We are beginning to appreciate the importance of complex metabolic diseases in shaping the tumor microenvironment, while the accompanying research of underlying redox regulatory mechanisms is truly in its infancy. Nevertheless, results from recent comprehensive transcriptomic, proteomic, and metabolomic studies emphasize the enormous potential of individual profiling for cancer diagnostic and prognostic advancements, highlighting that study of redox-metabolic networks is a fertile ground for the search for biomarkers that will guide our approach in personalized therapy designs. More extensive population-based prospective and nested control-case studies employing multivariate analysis are needed to draw definite conclusions.

Conclusions and future perspectives

"All right, said the Cat; and this time it vanished quite slowly, beginning with the end of the tail, and ending with the grin, which remained some time after the rest of it had gone".

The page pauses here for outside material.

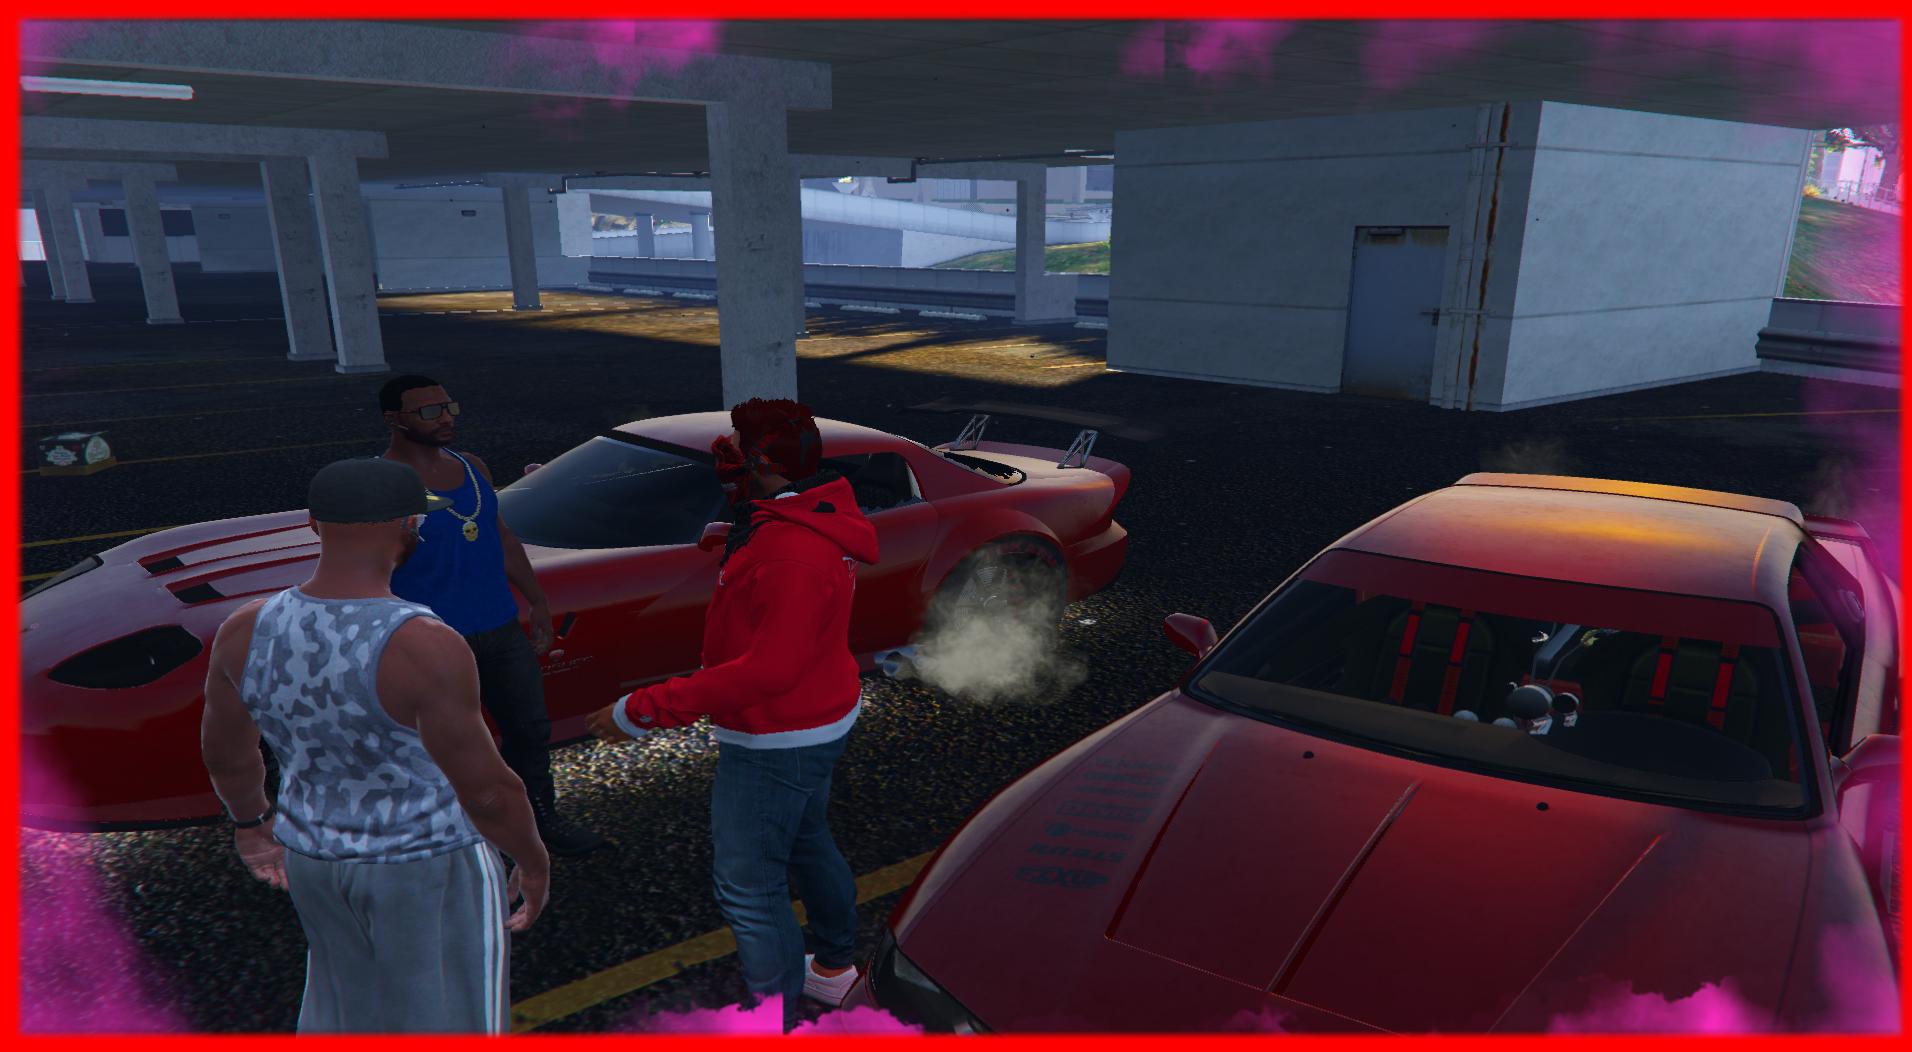 Grand_Theft_Auto_V_Screenshot_2021.02.27_-_21.24.jpg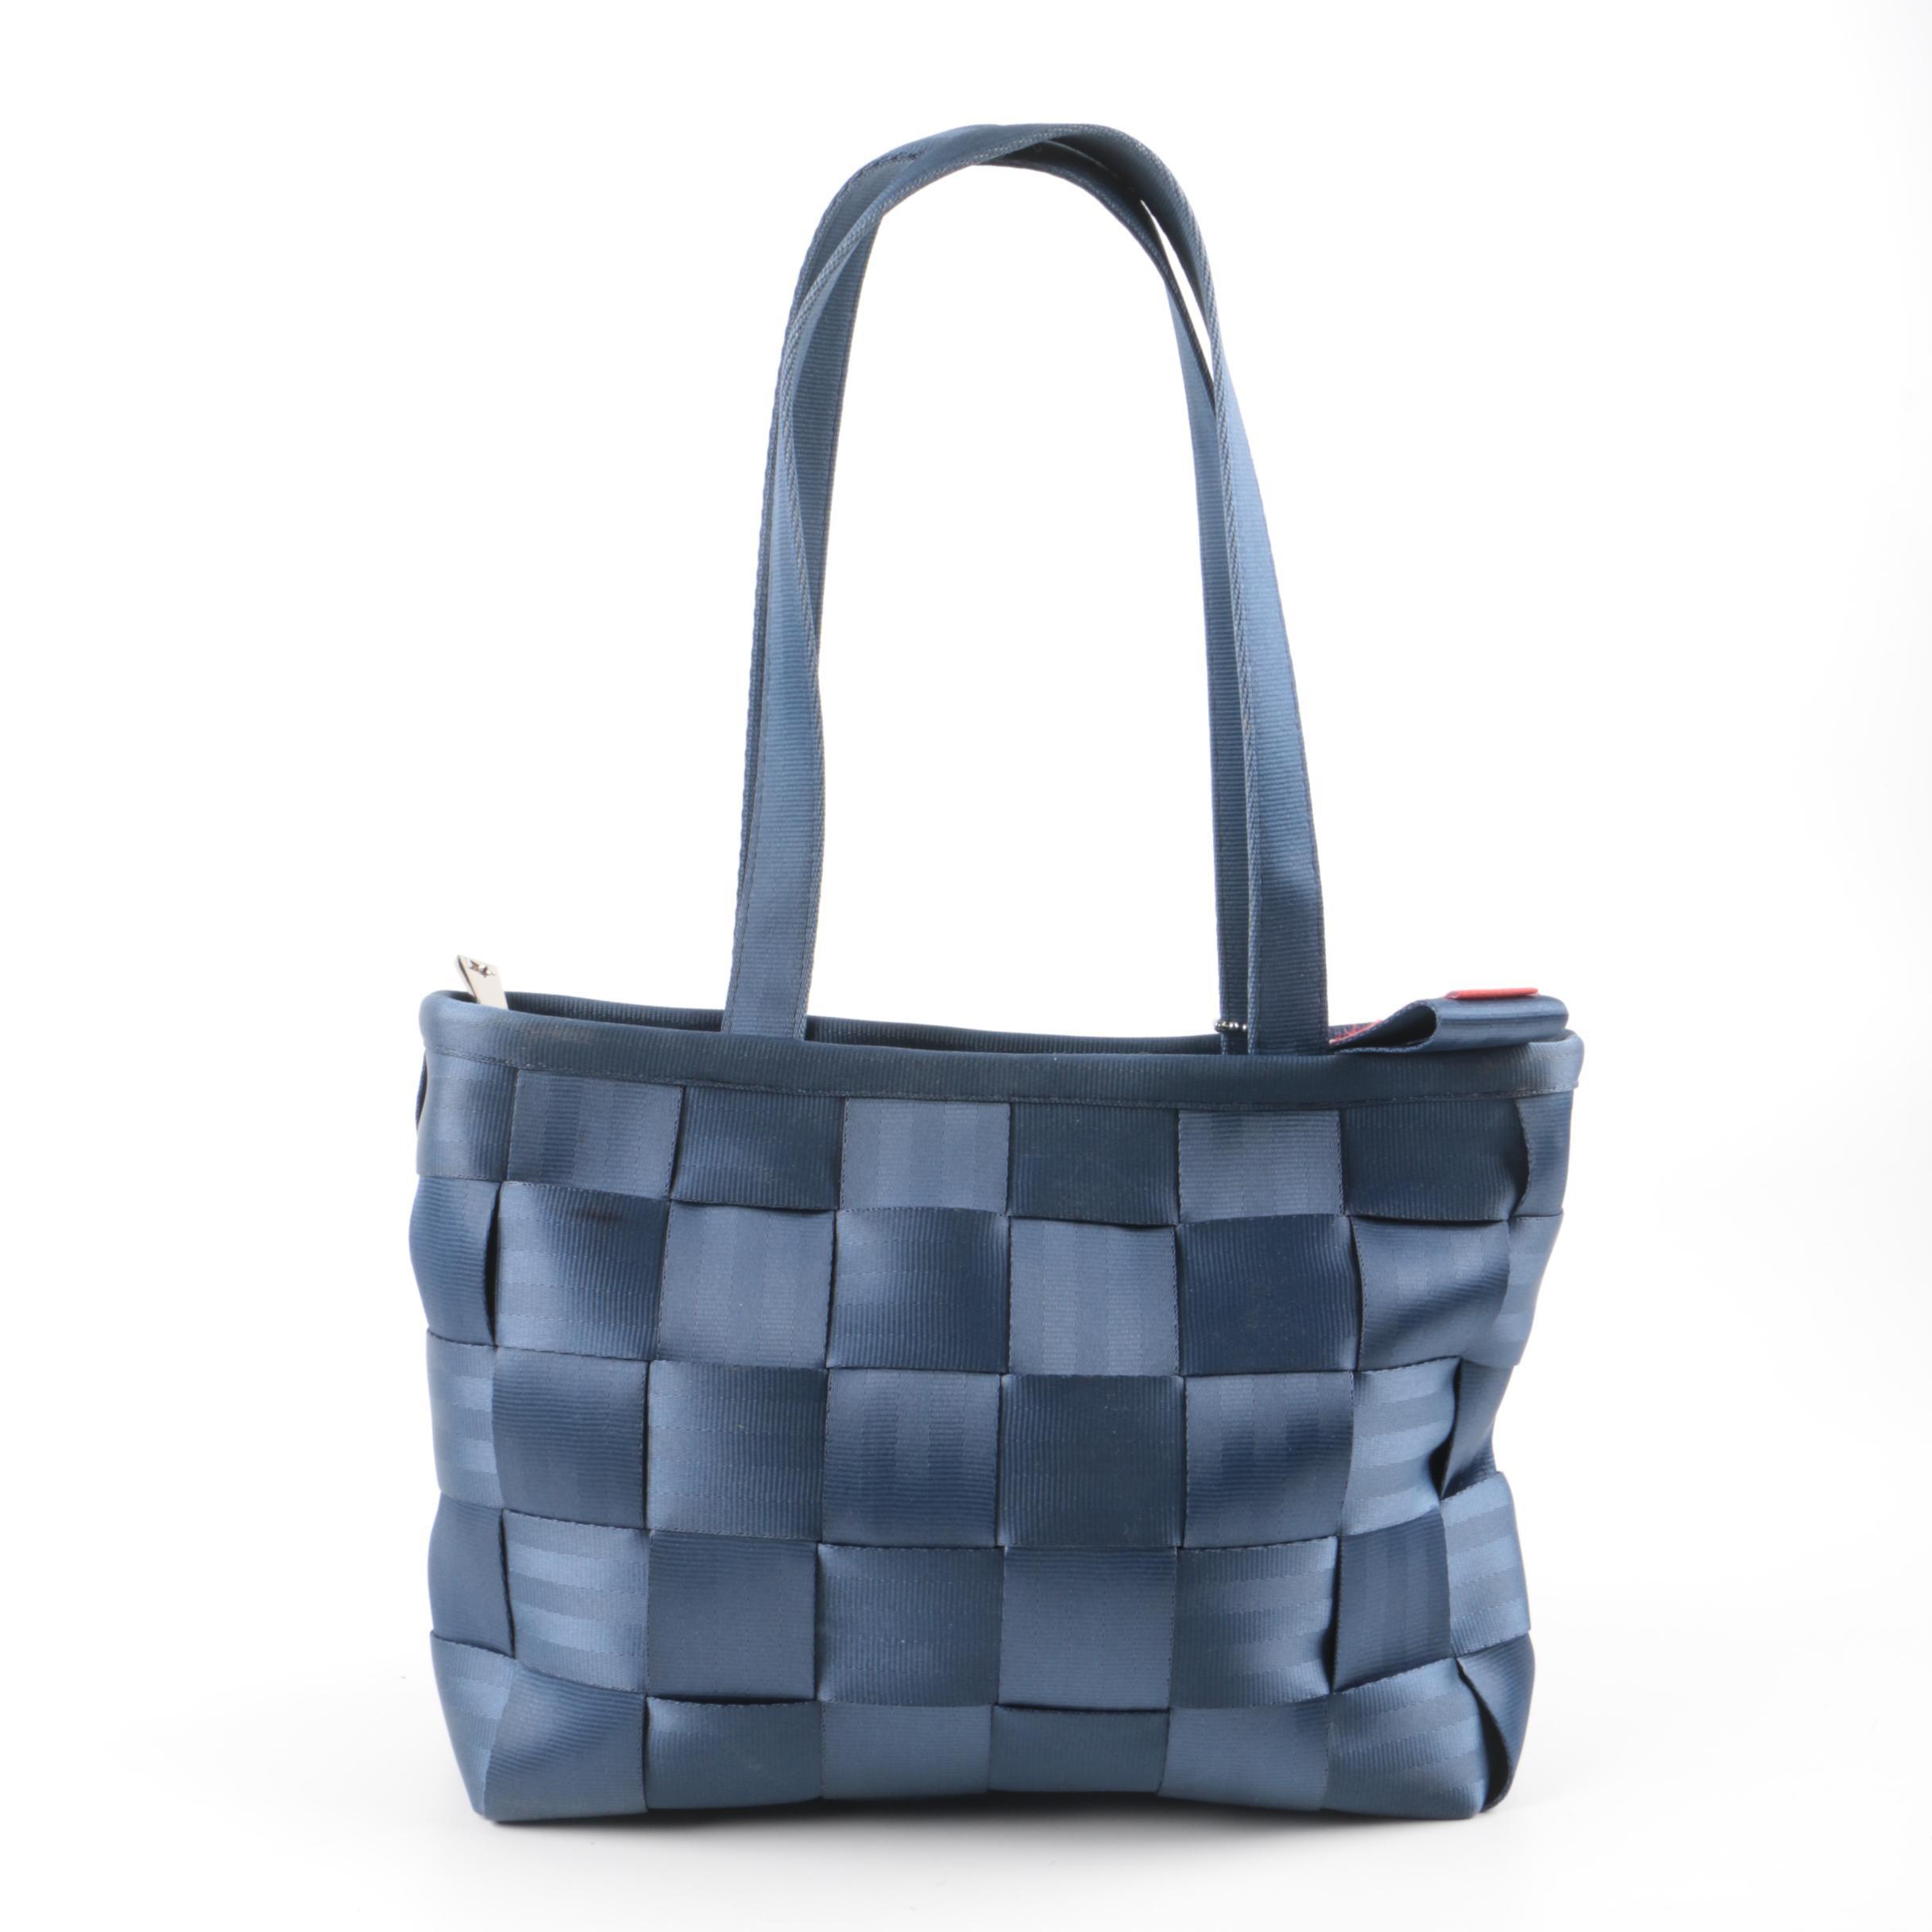 Harveys Blue Seatbelt Bag

This quote illustrates the duality of present perspectives when we talk about redox biomarkers in complex disease conditions such as those related to obesity, metabolic syndrome, and diabetes. Currently, we are beginning to understand the redox bases of metabolic diseases but are encountering numerous challenges in validating redox biomarkers. These include overlapping of metabolic conditions, differential clinical presentation and progression, the involvement of a wide range of organs and organ systems, limitations in the availability of human biological samples, and the absence of reference values of redox biomarkers in healthy subjects, including diurnal variations. On the other hand, after decades of testing redox biomarkers in plasma/serum, blood cells, urine, saliva, and other bodily fluids and available biological material, some redox biomarkers are approaching the fulfillment of strict criteria [2]. The development of various redox methodologies and less invasive approaches in recent years is encouraging. In addition to measuring markers of oxidative damage to biomolecules and alterations in antioxidant defense components, direct electrochemical measurement of reactive species (NO, H2O2, and even H2S) has become a real possibility today. The selection of representative sets of biomarkers for specific metabolic diseases and their standardization is one of the first steps warranting further research. Rigorous evaluation of redox proteomes, lipidomes, metabolomes, and transcriptomes will be of great help in deciphering the complex redox-metabolic landscapes. This should be preceded by the validation of redox biomarkers in healthy subjects, taking into account the influence of lifestyle (diet, physical activity, sleep, work patterns) and diurnal fluctuations in metabolites influenced by circadian rhythms. The development of new methodologies for determining redox biomarkers in tissue biopsies, such as adipose tissue, could eliminate some of the challenges related to the standardization of redox biomarkers in obesity, metabolic syndrome, and diabetes. Emerging advances in redox biology, both research-wise and methodologically, allow us to be optimistic about the future of redox disease biomarkers in clinical medicine.

Declaration of competing interest

The authors declare no conflict of interest.